Ana Rüsche (2005-2013)

Ana Rüsche nasceu em São Paulo em 1979. Publicou os livros de poesia Rasgada (Quinze & Trinta, 2005), traduzido para o espanhol pela Editora Limón Partido, em 2008, Sarabanda (Selo Demônio Negro, 2007), reeditado pela Editora Patuá, em 2013, Nós que adoramos um documentário (Ed. Ourivesaria da Palavra, 2010) e Furiosa (Edição da autora, 2016), seleção feita pela autora de seus poemas anteriores. Tem também um romance, Acordados, publicado pela Editora Amauta em 2007, com apoio PAC – Secretaria de Estado da Cultura, fazendo o livro circular através de seu projeto de distribuição por contrabando.

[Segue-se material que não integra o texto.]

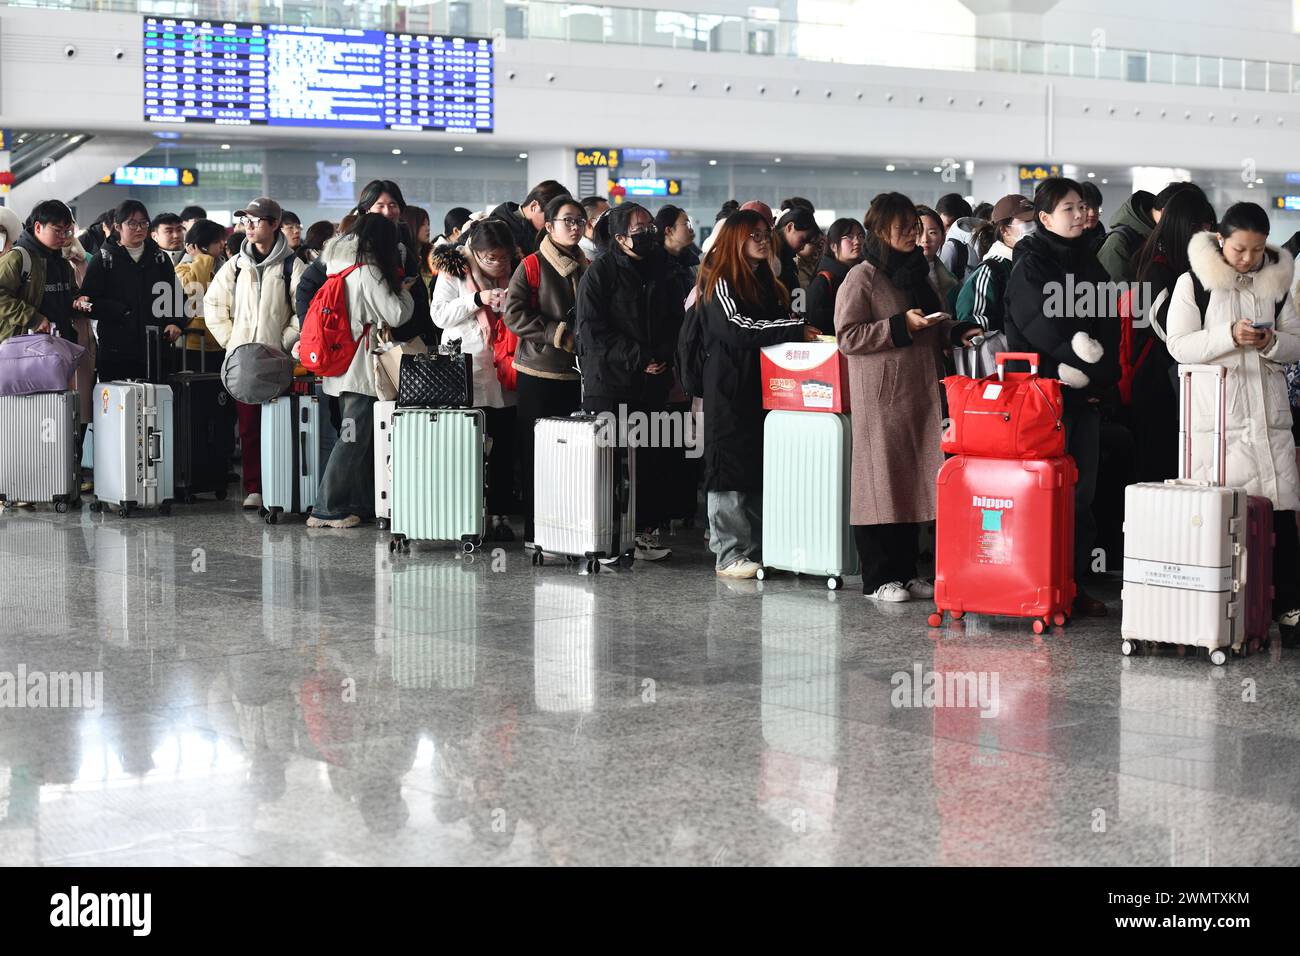 Fuyang West railway station returning passengers after the

É doutora em Letras, ministra oficinas de criação e cursos sobre arte comtemporânea e, como diz, “faz o próprio pão, a própria cerveja e mora com seu cão”.

Conheça mais de seu trabalho em www.anarusche.com

 

 

 

O POEMA BRANCO

e ela montada
no topo da bicicleta ergométrica
uma caixinha de música
laqueada como gelo
a rodar, a esperar
a agulha hipodérmica de endorfina
para capar seu coração.

um romance raso.
eu queria ser um esquimó
mas entre uma faísca e outra,
o frio da estroboscópica,
a solidão me dá picadas
uma cocaína negra com mel
que me anima.

minhas mortes são semanais.
em lençóis alugados por pernoite
no degelo de teus cabelos negros
de latin lover

e como você faz a tantas donzelas
teus dedos apalpam
minha pequena morte úmida
e lhe aplicam um
grito seco na canção de rádio pela tarde
olhos pretos cheios de branco

mas agora é escuro
pela pia de mármore duro
ela derrama a borra de café
que se transforma em terra
e embala os natimortos de nossos sonhos

um romance raso.
e ela entediada roía unhas
na internet os esquimós
seus pés assustadoramente descalços.